- Nationality: Italian
- Born: December 27, 1949 Servigliano, Italy
- Died: April 10, 1983 (aged 33) Autodromo Enzo e Dino Ferrari, Imola, Italy
Motorcycle racing career statistics
Grand Prix motorcycle racing
| Active years | 1980 - 1983 |
| First race | 1980 500cc Nations Grand Prix |
| Last race | 1983 500cc French Grand Prix |
| Team(s) | Suzuki, Yamaha, Honda |
| Starts | Wins | Podiums | Poles | F. laps | Points |
| 19 | 0 | 0 | 0 | 0 | 24 |

= Guido Paci =

Italian motorcycle racer (1949–1983)

Guido Paci (December 27, 1949 - April 10, 1983) was an Italian professional Grand Prix motorcycle road racer. He competed in the 500cc class from 1980 until his death. His best finish to a season was in 1981 when he finished in 11th position in the standings.
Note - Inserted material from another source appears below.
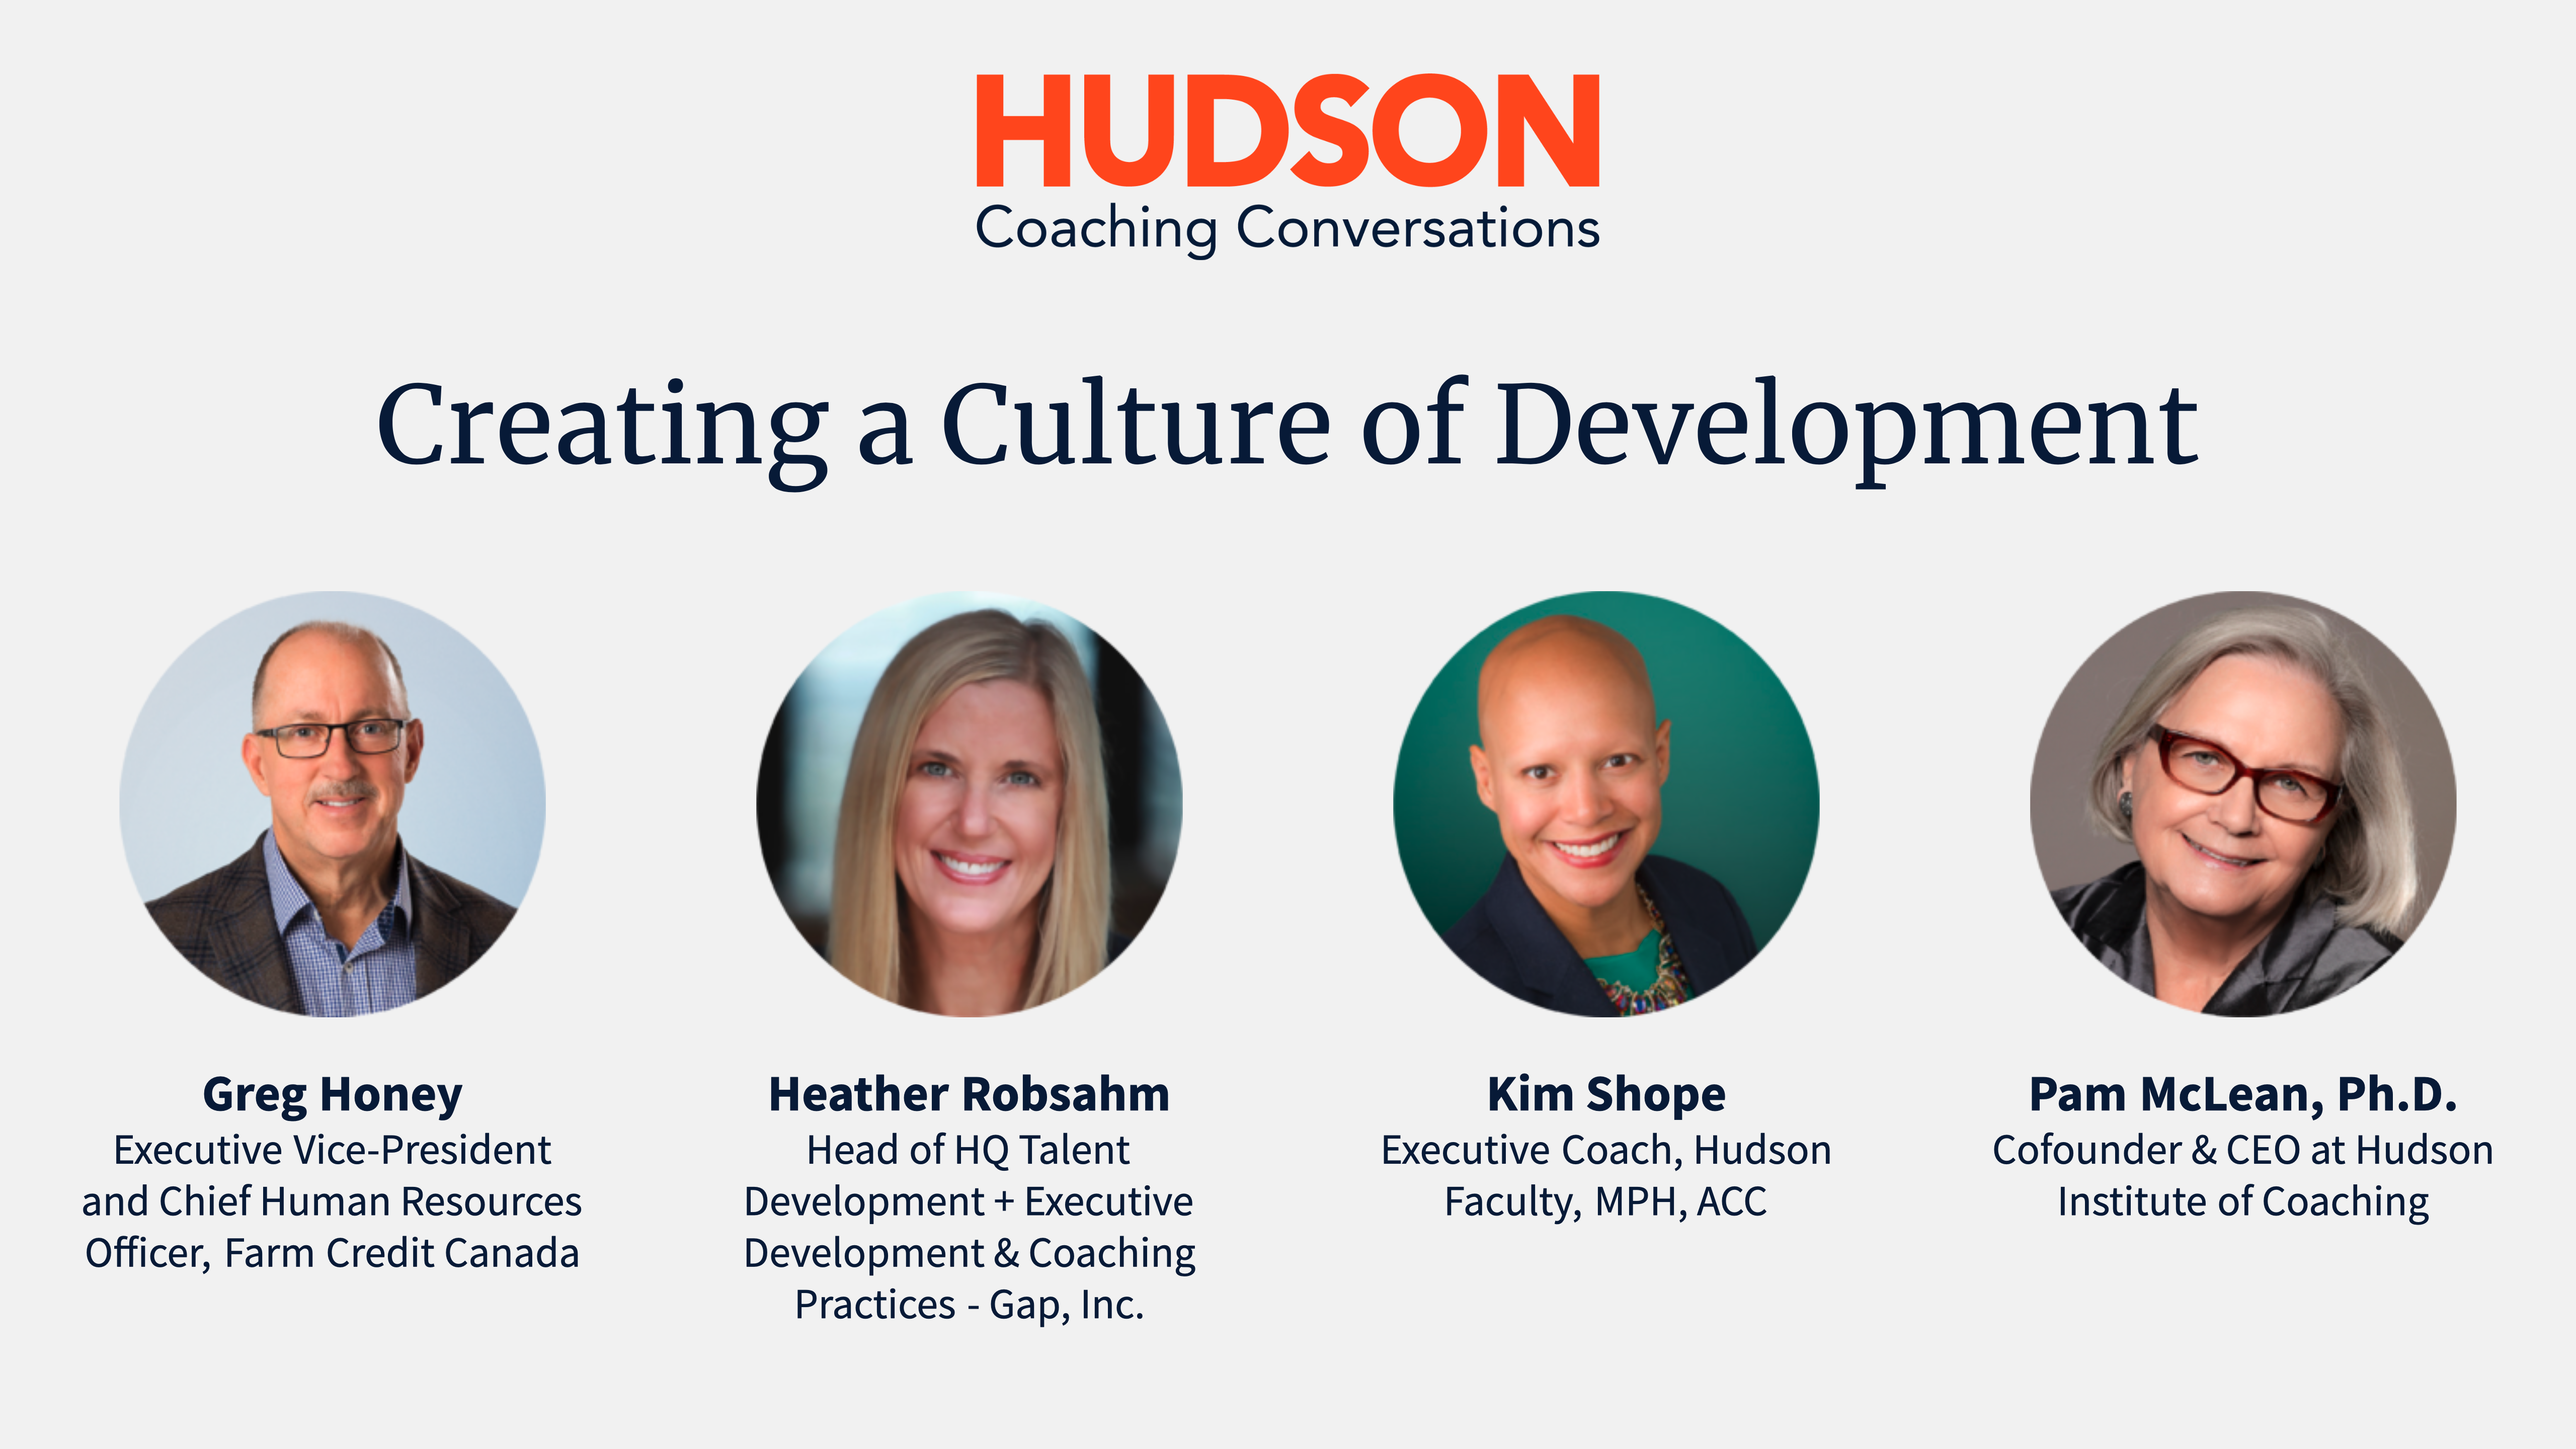 [Video] Hudson Coaching Conversations: Creating a Culture of Development
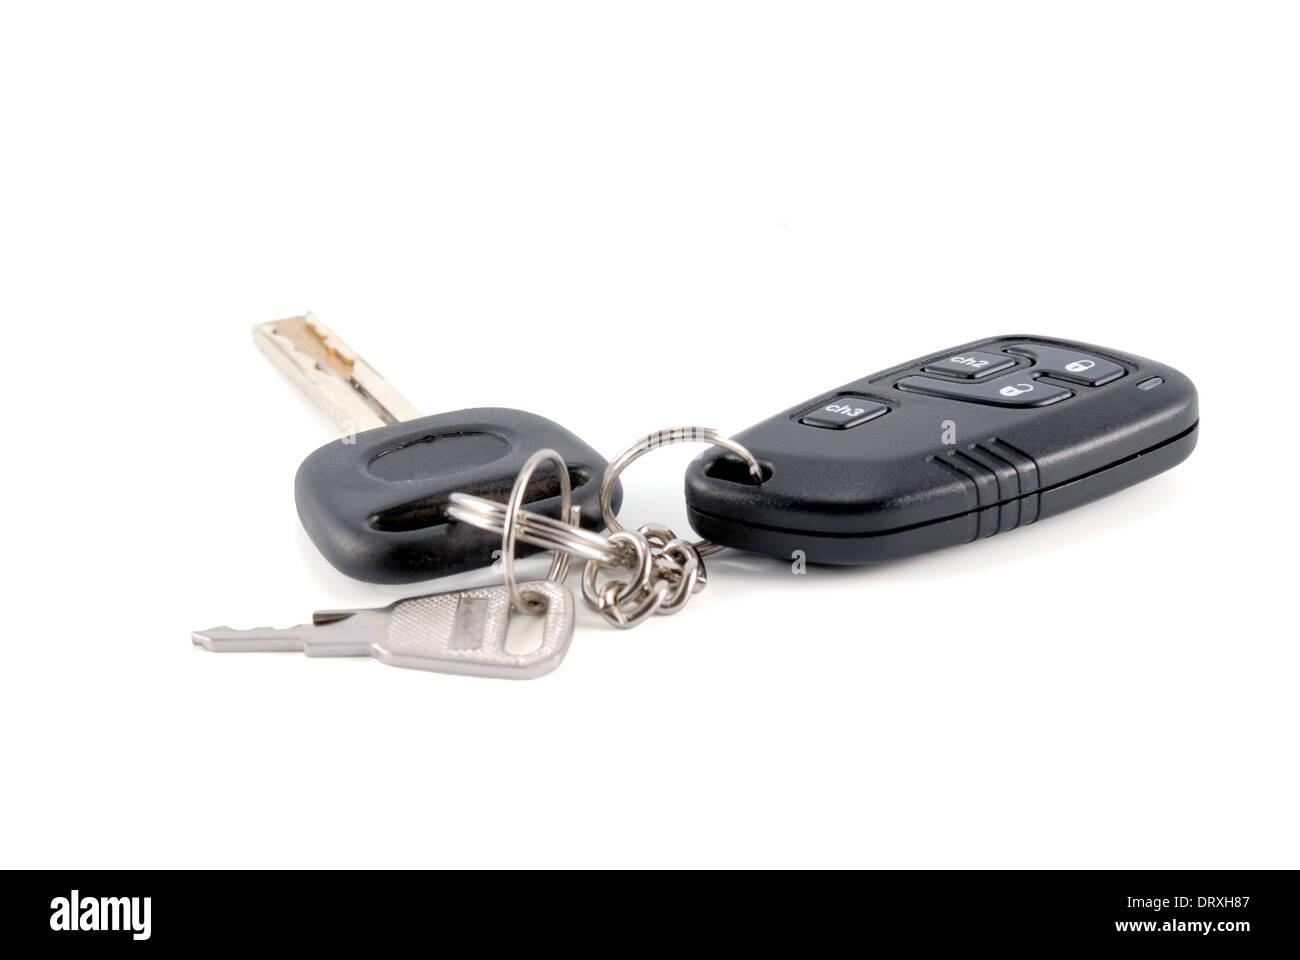 Car keys and charm from car alarm system Stock Photo

Paci was participating in a motorcycle endurance race at Imola in 1983 when he lost control of his bike at full speed, hitting straw bales stacked against a concrete wall at what is now called the Villeneuve chicane. He was still alive when medical crews quickly rushed to his aid, but eventually died of critical head and chest injuries. He was 33 years old.